> **Material provided**
☆ ☆ ☆ ☆

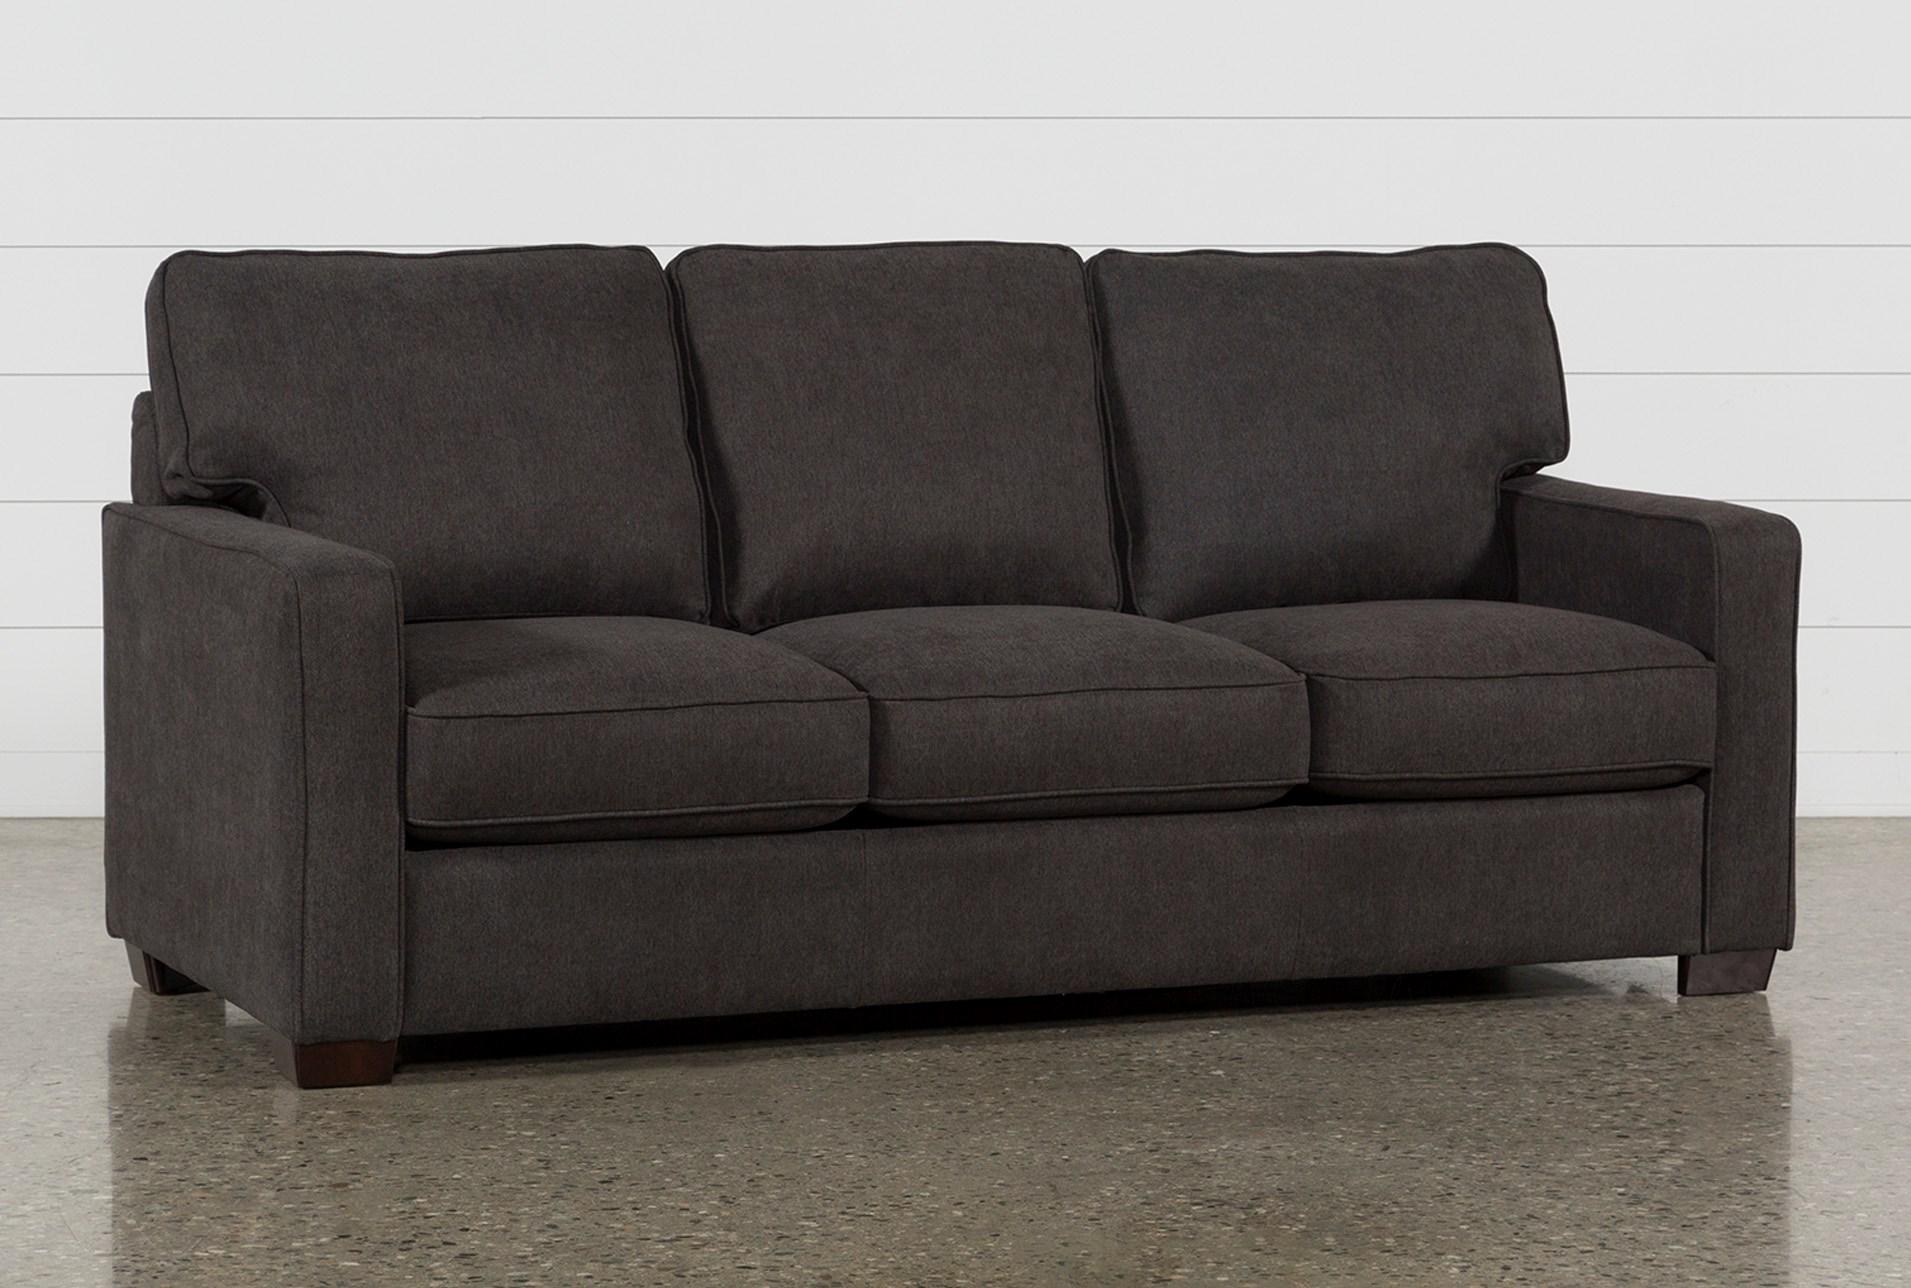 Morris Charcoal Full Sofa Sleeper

☆ ☆ ☆ ☆

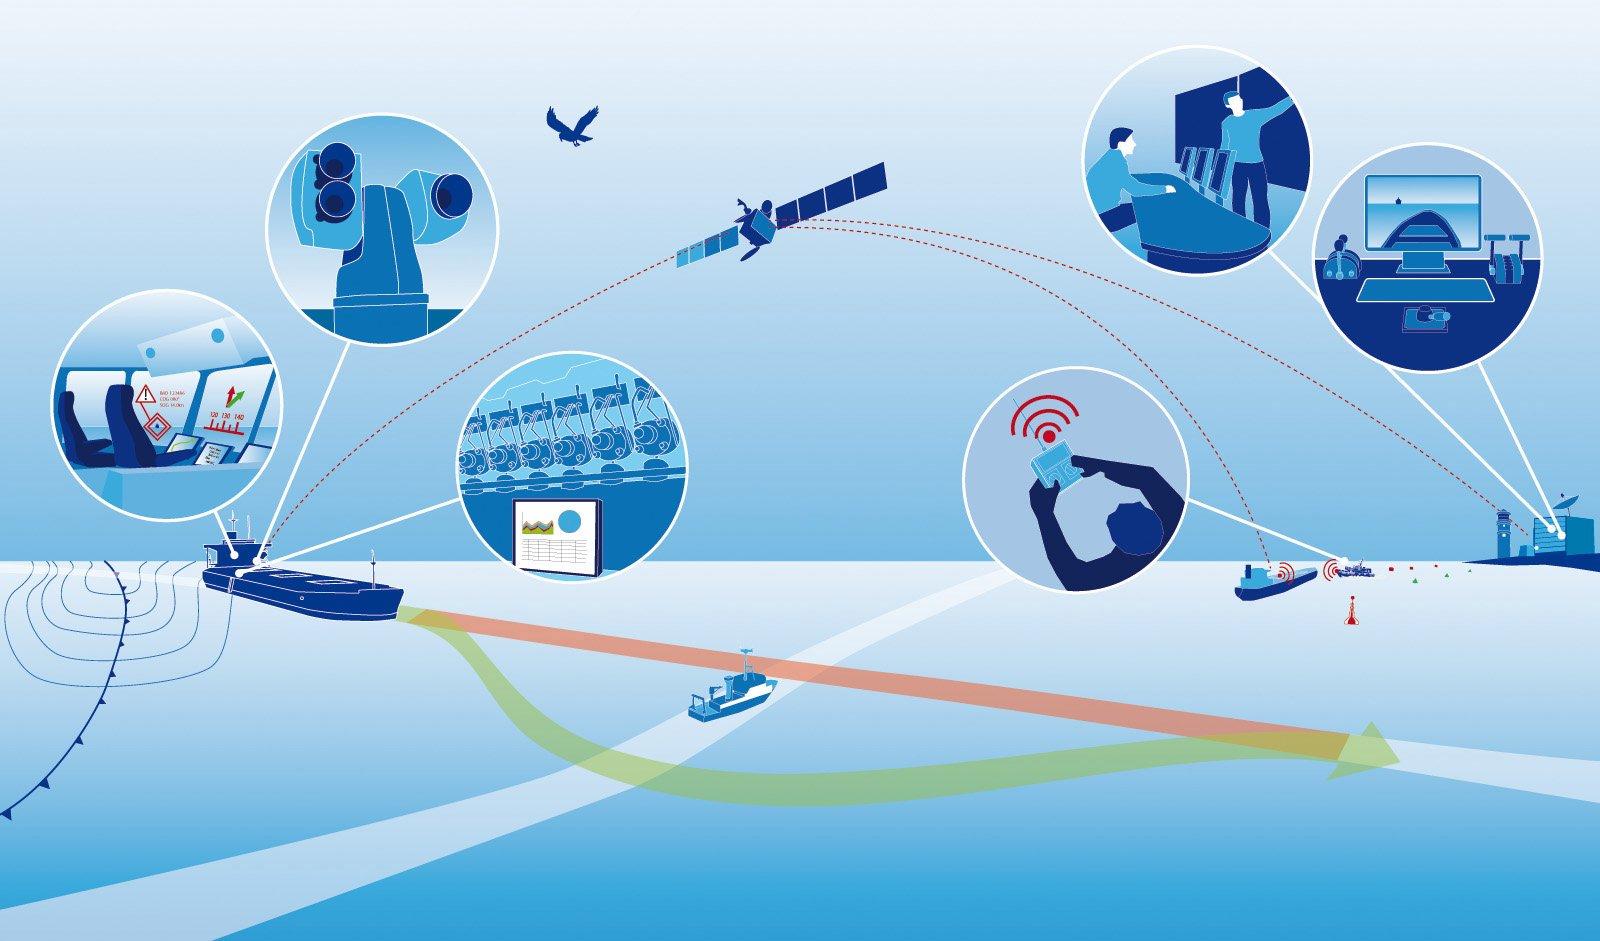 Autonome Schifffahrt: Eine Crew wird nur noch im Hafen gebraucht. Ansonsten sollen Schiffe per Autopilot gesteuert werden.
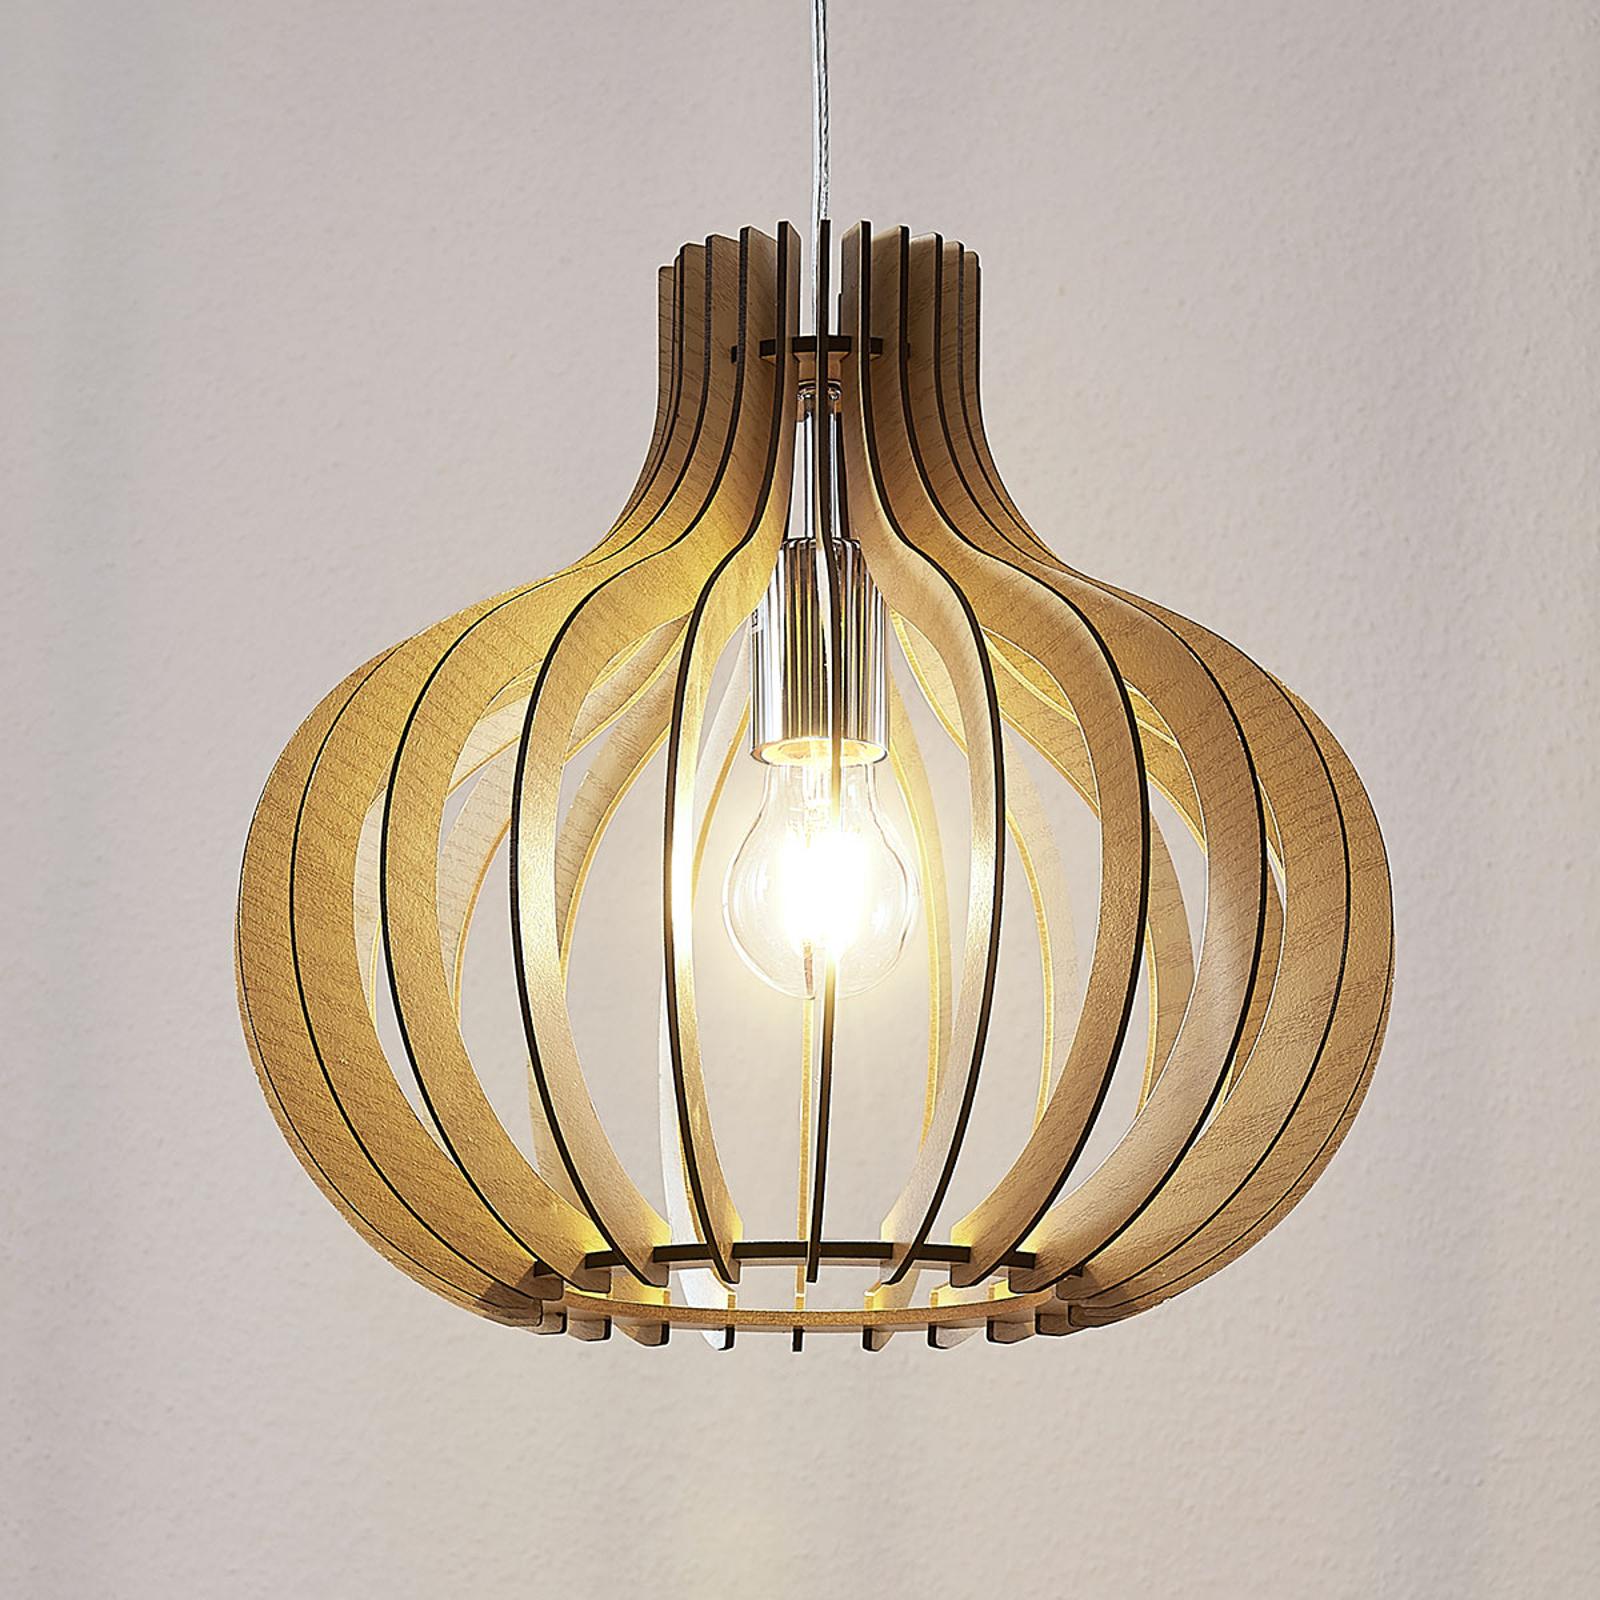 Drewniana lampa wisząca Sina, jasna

☆ ☆ ☆ ☆

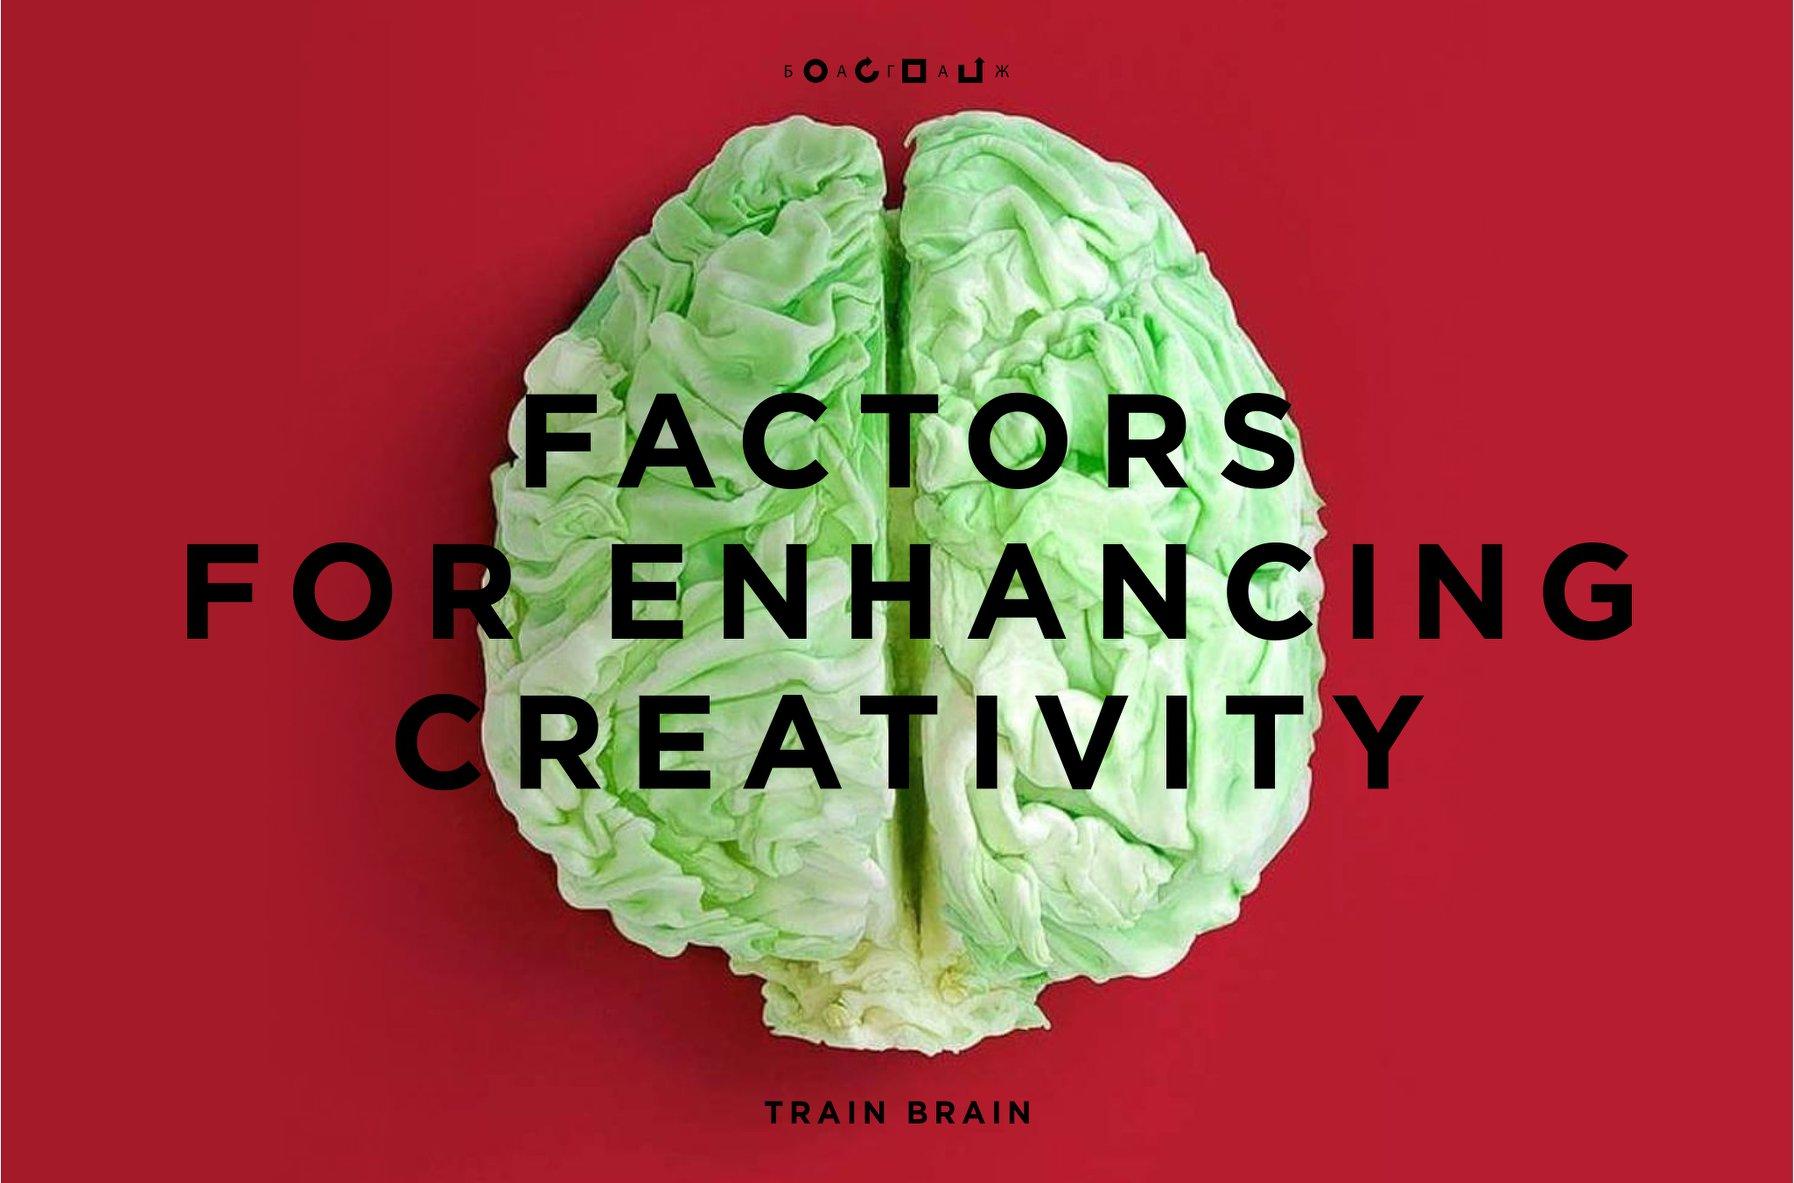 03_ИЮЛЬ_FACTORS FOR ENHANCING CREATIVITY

☆ ☆ ☆ ☆

> **Problem details**
Transcribe only this stretch of the data: the line with "Autonome Schifffahrt: Eine", the line with "Drewniana lampa wisząca Sina, jasna", and every line in between. Leave out the pictures.

> **Solution for this problem**
 Autonome Schifffahrt: Eine Crew wird nur noch im Hafen gebraucht. Ansonsten sollen Schiffe per Autopilot gesteuert werden.
 Drewniana lampa wisząca Sina, jasna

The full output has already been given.